Below are records; transcribe each one exactly.

::::::::

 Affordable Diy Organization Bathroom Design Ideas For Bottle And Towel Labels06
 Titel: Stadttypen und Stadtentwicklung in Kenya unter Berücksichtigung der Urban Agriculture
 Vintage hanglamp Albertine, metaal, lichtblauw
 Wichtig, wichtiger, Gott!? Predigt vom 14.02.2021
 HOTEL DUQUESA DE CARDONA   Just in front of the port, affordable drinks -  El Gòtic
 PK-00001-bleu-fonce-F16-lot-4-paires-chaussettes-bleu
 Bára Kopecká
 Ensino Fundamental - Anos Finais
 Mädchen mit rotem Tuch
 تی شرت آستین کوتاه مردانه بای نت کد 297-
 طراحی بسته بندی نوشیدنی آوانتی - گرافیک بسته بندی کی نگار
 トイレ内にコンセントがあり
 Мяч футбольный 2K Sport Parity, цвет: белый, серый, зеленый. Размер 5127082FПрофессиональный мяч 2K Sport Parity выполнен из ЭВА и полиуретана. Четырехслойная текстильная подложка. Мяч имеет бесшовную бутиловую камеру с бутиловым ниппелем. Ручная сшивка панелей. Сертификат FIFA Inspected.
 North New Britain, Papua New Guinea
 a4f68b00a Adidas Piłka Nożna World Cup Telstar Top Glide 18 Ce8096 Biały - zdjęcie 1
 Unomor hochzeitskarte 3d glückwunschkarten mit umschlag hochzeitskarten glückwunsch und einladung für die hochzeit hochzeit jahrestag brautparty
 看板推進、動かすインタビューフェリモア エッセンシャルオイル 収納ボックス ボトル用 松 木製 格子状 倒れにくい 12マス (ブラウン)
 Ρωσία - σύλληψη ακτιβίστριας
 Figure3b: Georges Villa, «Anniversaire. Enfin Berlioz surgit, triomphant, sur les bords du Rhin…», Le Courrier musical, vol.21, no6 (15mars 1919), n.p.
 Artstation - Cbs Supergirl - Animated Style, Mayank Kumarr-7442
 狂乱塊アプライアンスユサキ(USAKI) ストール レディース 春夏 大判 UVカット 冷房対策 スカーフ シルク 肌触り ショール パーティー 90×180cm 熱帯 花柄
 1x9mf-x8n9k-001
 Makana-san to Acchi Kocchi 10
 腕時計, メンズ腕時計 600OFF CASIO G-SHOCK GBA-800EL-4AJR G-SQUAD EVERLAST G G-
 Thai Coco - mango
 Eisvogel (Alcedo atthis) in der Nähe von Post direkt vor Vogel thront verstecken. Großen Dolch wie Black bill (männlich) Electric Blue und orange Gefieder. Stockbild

::::::::

_SOLUTION_:
 Affordable Diy Organization Bathroom Design Ideas For Bottle And Towel Labels06
 Titel: Stadttypen und Stadtentwicklung in Kenya unter Berücksichtigung der Urban Agriculture
 Vintage hanglamp Albertine, metaal, lichtblauw
 Wichtig, wichtiger, Gott!? Predigt vom 14.02.2021
 HOTEL DUQUESA DE CARDONA   Just in front of the port, affordable drinks -  El Gòtic
 PK-00001-bleu-fonce-F16-lot-4-paires-chaussettes-bleu
 Bára Kopecká
 Ensino Fundamental - Anos Finais
 Mädchen mit rotem Tuch
 تی شرت آستین کوتاه مردانه بای نت کد 297-
 طراحی بسته بندی نوشیدنی آوانتی - گرافیک بسته بندی کی نگار
 トイレ内にコンセントがあり
 Мяч футбольный 2K Sport Parity, цвет: белый, серый, зеленый. Размер 5127082FПрофессиональный мяч 2K Sport Parity выполнен из ЭВА и полиуретана. Четырехслойная текстильная подложка. Мяч имеет бесшовную бутиловую камеру с бутиловым ниппелем. Ручная сшивка панелей. Сертификат FIFA Inspected.
 North New Britain, Papua New Guinea
 a4f68b00a Adidas Piłka Nożna World Cup Telstar Top Glide 18 Ce8096 Biały - zdjęcie 1
 Unomor hochzeitskarte 3d glückwunschkarten mit umschlag hochzeitskarten glückwunsch und einladung für die hochzeit hochzeit jahrestag brautparty
 看板推進、動かすインタビューフェリモア エッセンシャルオイル 収納ボックス ボトル用 松 木製 格子状 倒れにくい 12マス (ブラウン)
 Ρωσία - σύλληψη ακτιβίστριας
 Figure3b: Georges Villa, «Anniversaire. Enfin Berlioz surgit, triomphant, sur les bords du Rhin…», Le Courrier musical, vol.21, no6 (15mars 1919), n.p.
 Artstation - Cbs Supergirl - Animated Style, Mayank Kumarr-7442
 狂乱塊アプライアンスユサキ(USAKI) ストール レディース 春夏 大判 UVカット 冷房対策 スカーフ シルク 肌触り ショール パーティー 90×180cm 熱帯 花柄
 1x9mf-x8n9k-001
 Makana-san to Acchi Kocchi 10
 腕時計, メンズ腕時計 600OFF CASIO G-SHOCK GBA-800EL-4AJR G-SQUAD EVERLAST G G-
 Thai Coco - mango
 Eisvogel (Alcedo atthis) in der Nähe von Post direkt vor Vogel thront verstecken. Großen Dolch wie Black bill (männlich) Electric Blue und orange Gefieder. Stockbild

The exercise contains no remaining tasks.